Literally everything about it is a shame. The low IPC, the shared cache, the destruction of the AMD mobile market, everything. It made their engineers want to either murder the marketing team or commit suicide, and it's so terrible intel has been slacking off since they have no high end competition. 

There is no way I should still be using a 2600 in 2016. That's AMD's fault. Since they've given intel no competition. 

The games that do take advantage of an 8 core bulldozer are properly optimized to run on 8 or more threads, of coarse it comes a bit closer to a  4 core thread i5, I mean like what the fuck. 

The games that are 'improperly optimized' simply demonstrate the bulldozer fails on a per-thread basis. 

 

Supporting bulldozer is asinine. It's what lead to the current slump in enthusiast CPUs.
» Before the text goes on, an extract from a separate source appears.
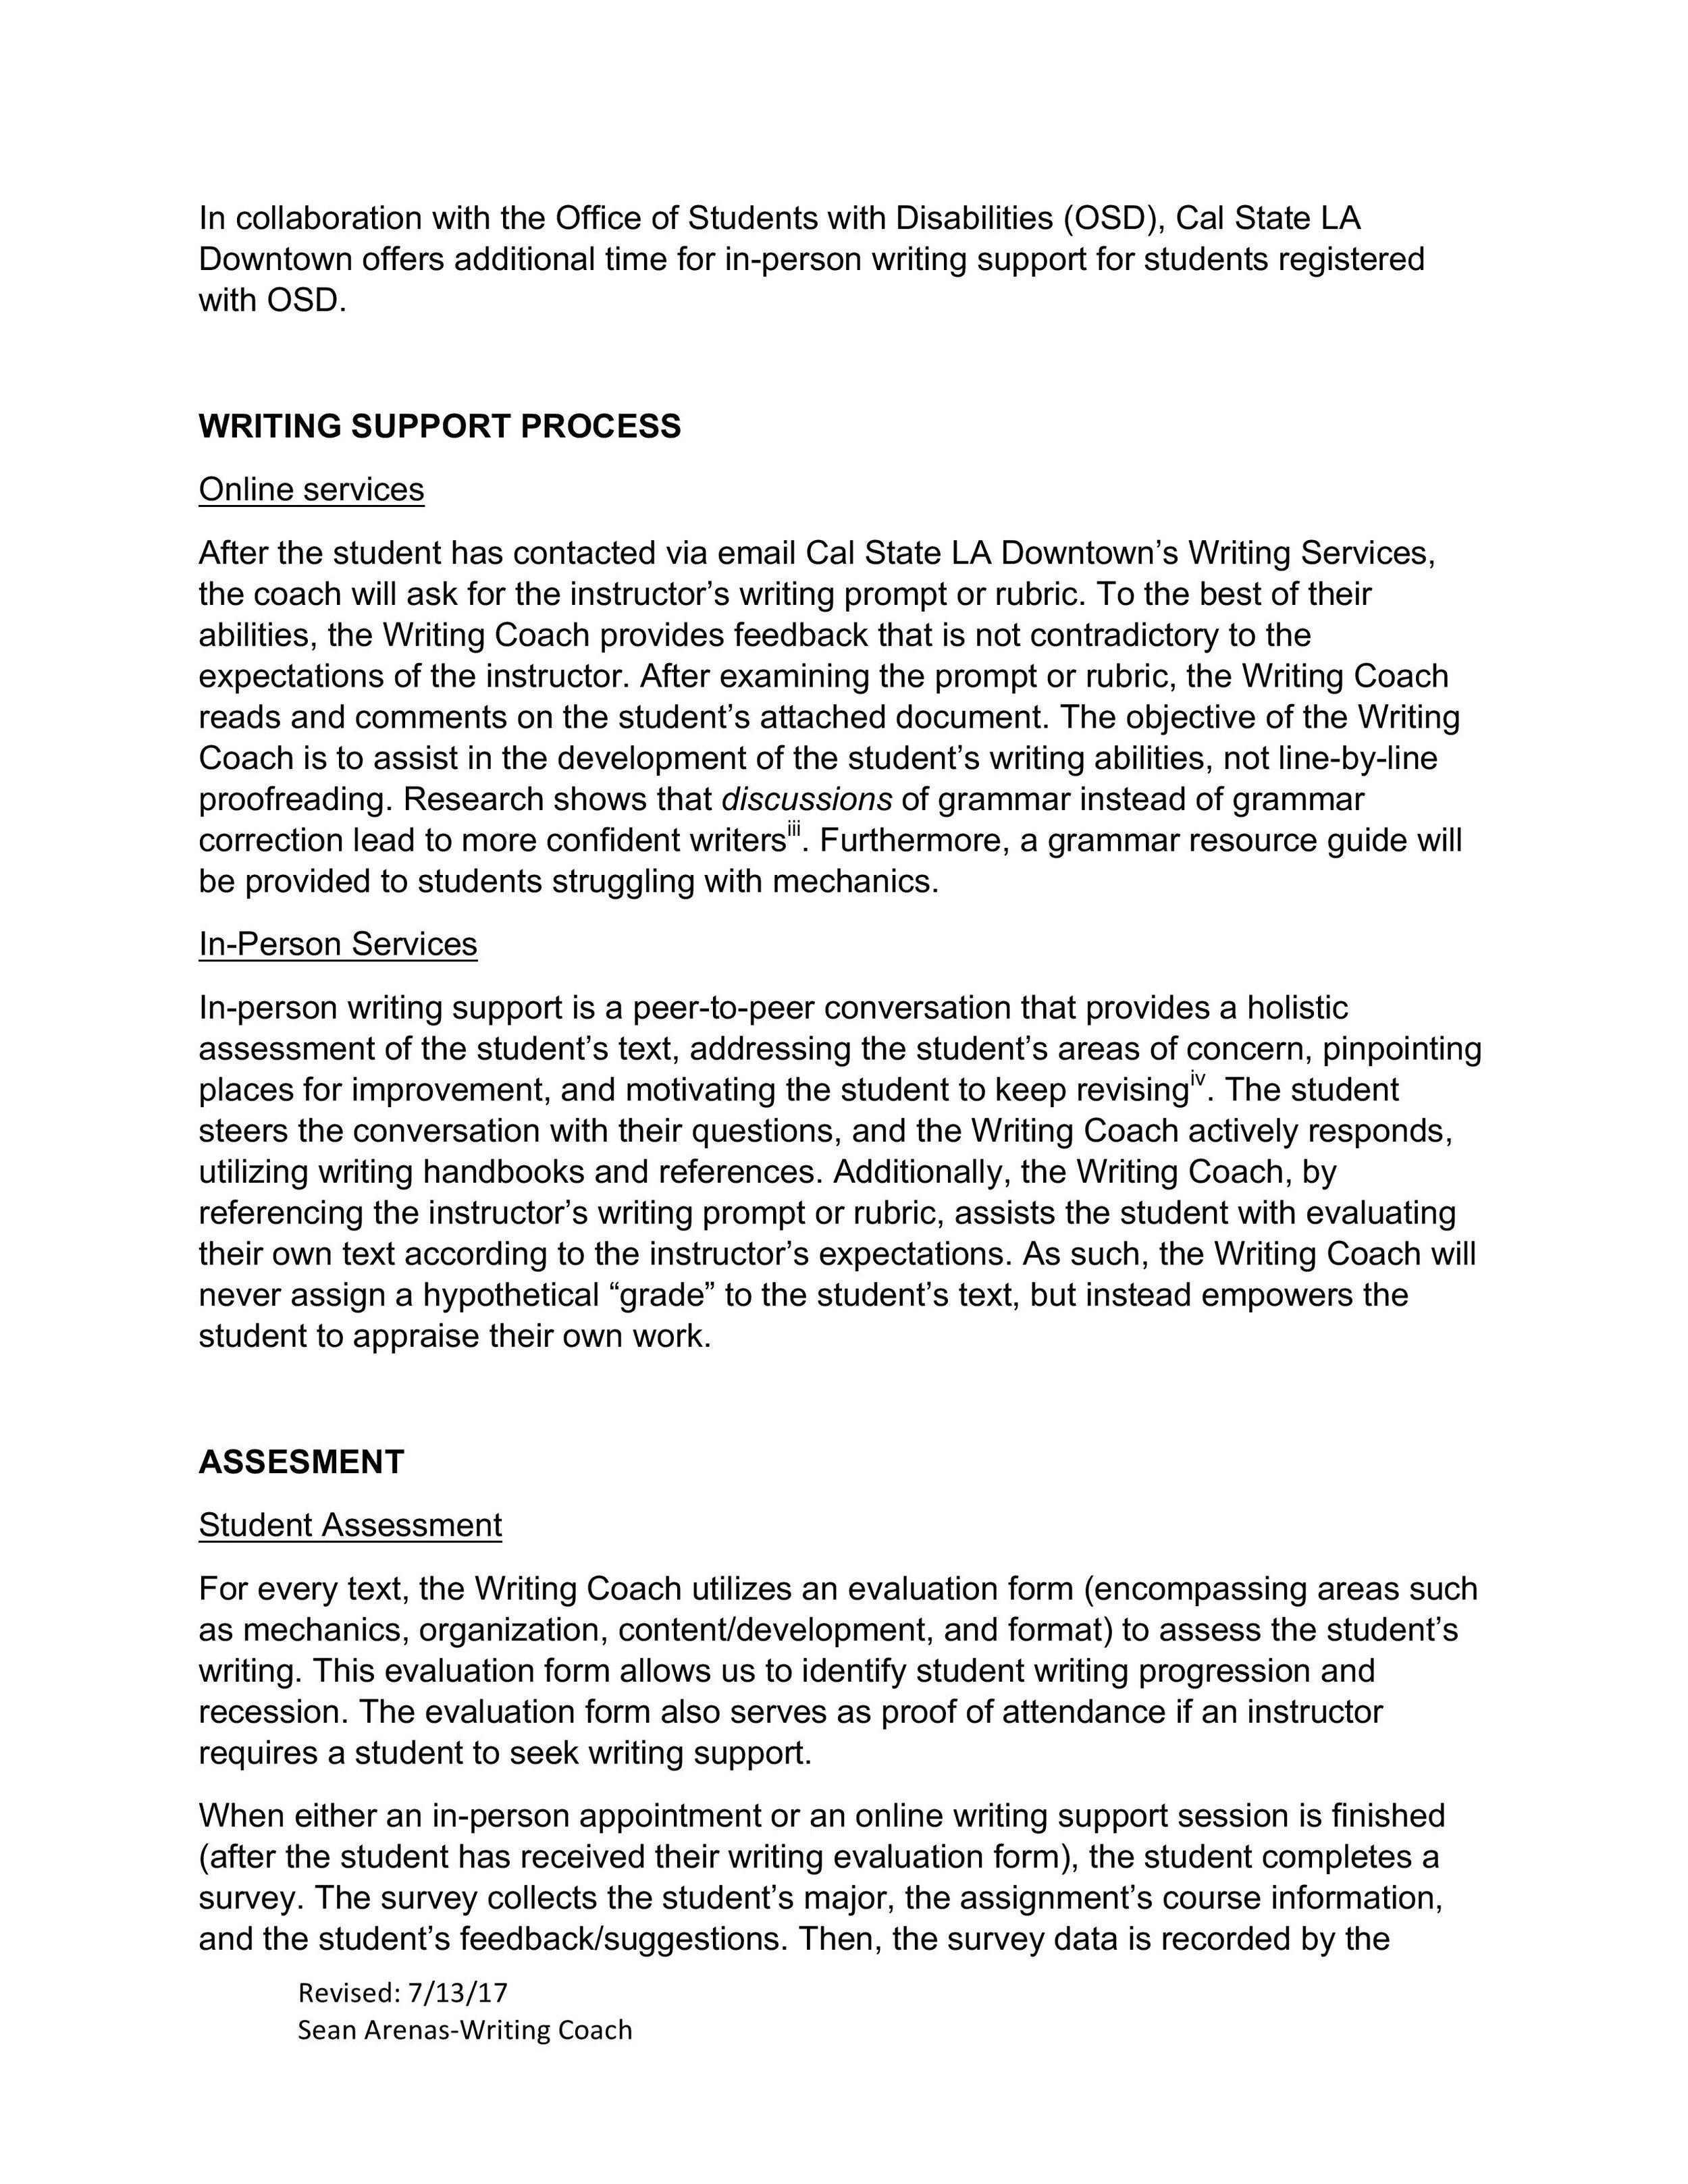 SEAN ARENAS_ADMINISTRATIVE_MANUAL-page-002.jpg

You can use cpus from 5+ years ago like the 2500 and 2600 and still game perfectly with little or no bottlenecks. I mean what the fuck. 2005-2010 that would NOT have happened. 

Again CCCCCHHHHHHIIIIIILLLLLL out when you make any cpu for yourself call me because you have no authoritative right to say that an AMD cpu is shit because without AMD Intel wouldn't be where it is. AMD gave INTEL the rights to the x64 platform which is what you are using right now. Also without AMD Intel would be a monopoly and due to American Anti-Trust laws Intel would split up into around three to four groups of itself all making cpus independently.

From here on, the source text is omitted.